Twitter Going Public, Could Mark Most Powerful Word of Mouth Ad Platform Ever

By the end of the week, there's a good chance Twitter will be a publicly traded company on the New York Stock Exchange (NYSE). Twitter's bigwigs are targeting Thursday, and barring any surprises, it will go down as the biggest tech IPO since Facebook, making several people very wealthy over night. However, it's what happens to Twitter after going public that's of interest here.

Twitter recently overtook Facebook as the most popular social network among teens in terms of which one has a bigger influence on buying habits and trends.

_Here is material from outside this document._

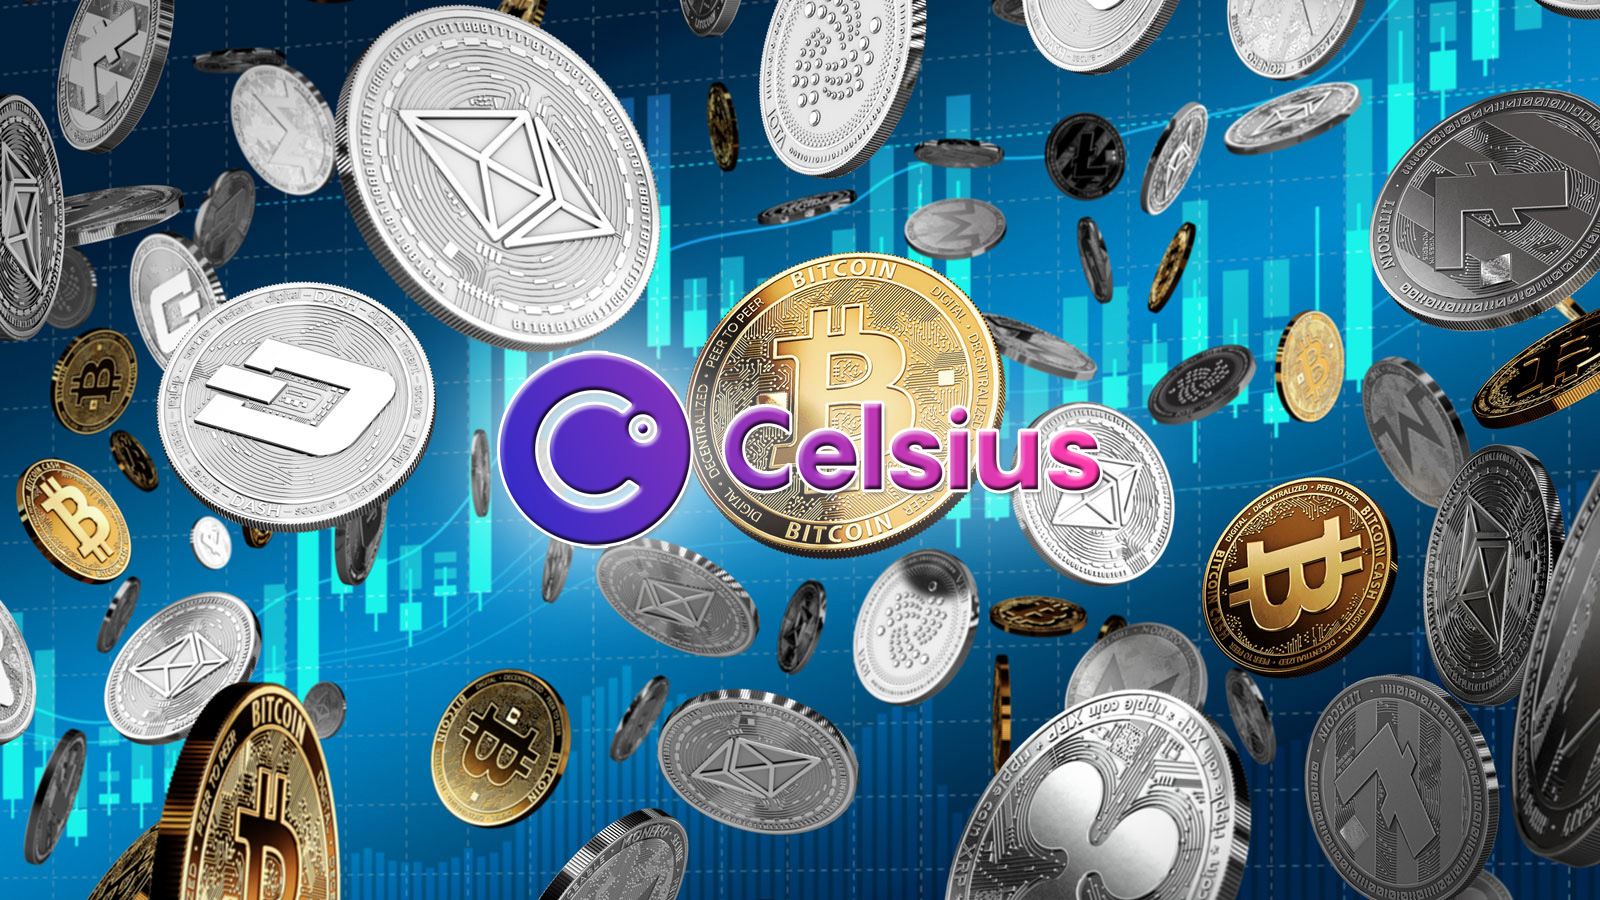 Celsius logo over cryptocurrency

That's not to say Facebook is losing users -- it's not -- but teens are definitely adding alternative services to their growing social portfolios, starting with Twitter, a place where unlike Facebook their parents haven't fully adopted just yet.

Twitter

The reason this matters is because teens are a highly desirable demographic for advertisers. There's a piece in The Wall Street Journal that talks about Twitter's huge potential for word-of-mouth advertising. Mix the two together -- teens and word-of-mouth advertising -- and you might have a recipe for big time success.

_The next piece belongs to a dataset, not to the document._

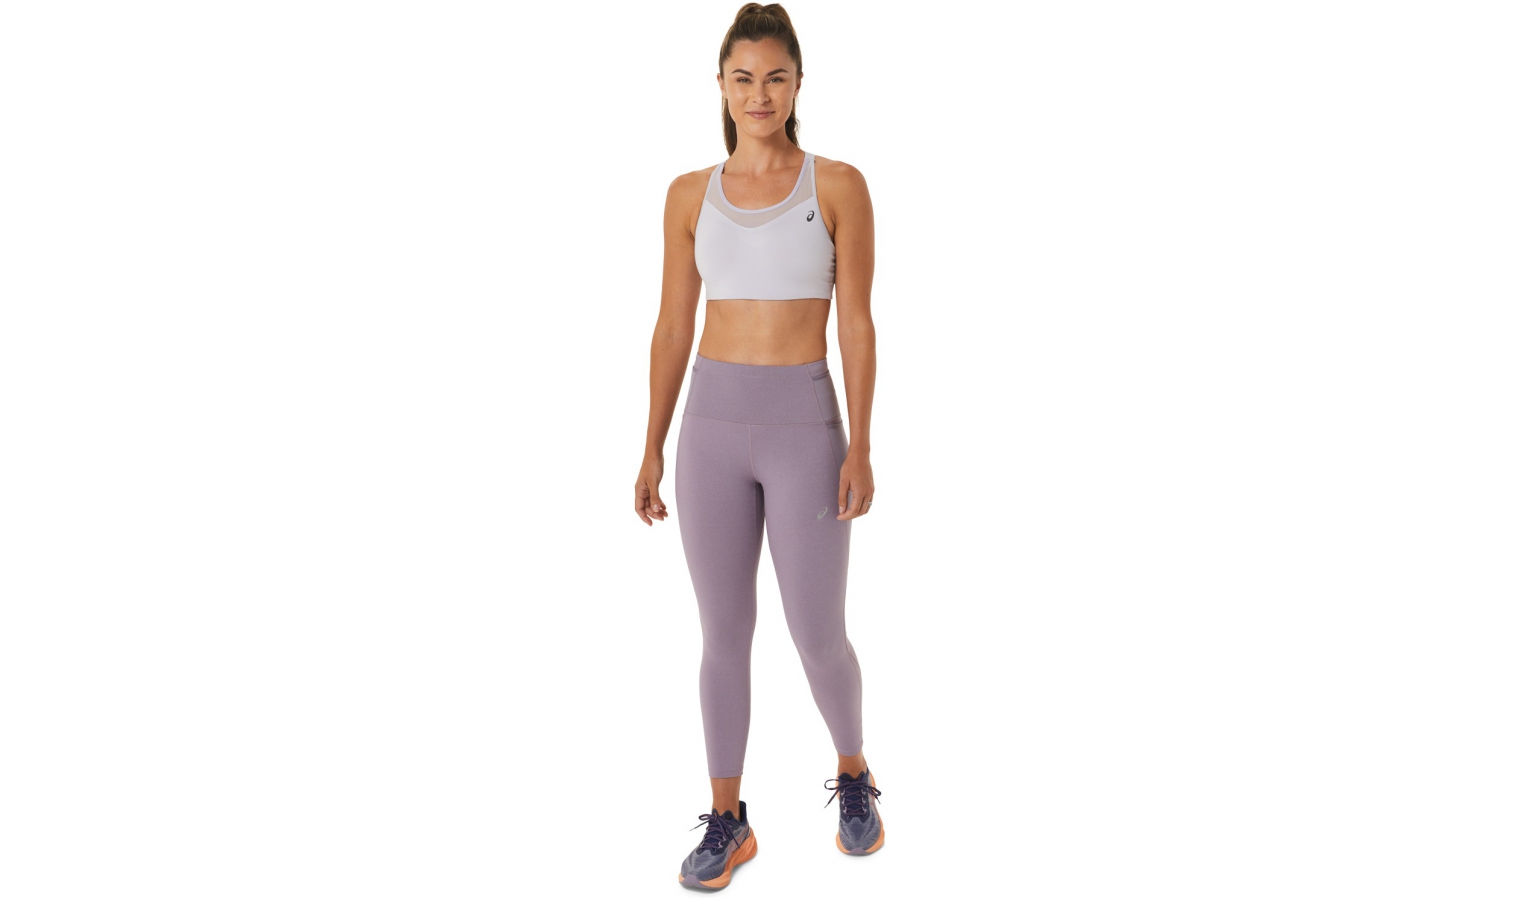 Enamor Dry Fit, High Waist Legging | Seamless Workout Legging With Per

Twitter will change in the coming months as the suits in charge figure out how best to monetize the service's 230 million users. That number seems small compared to Facebook's more than 1.1 billion users, but Twitter's advantage is that a lot of its tweets are topical and happening in real-time. You have sports stars sending out tweets from locker rooms and pop singers sending out 140-character messages immediately following a performance, not to mention all the tweets from fans during the actual show. Advertisers can tap into this unique characteristic of Twitter and target users based on what's trending at any given moment. Maybe as you're tweeting about the Red Sox having just won the World Series, an apparel company posts an ad for celebratory gear. It's just one example of many.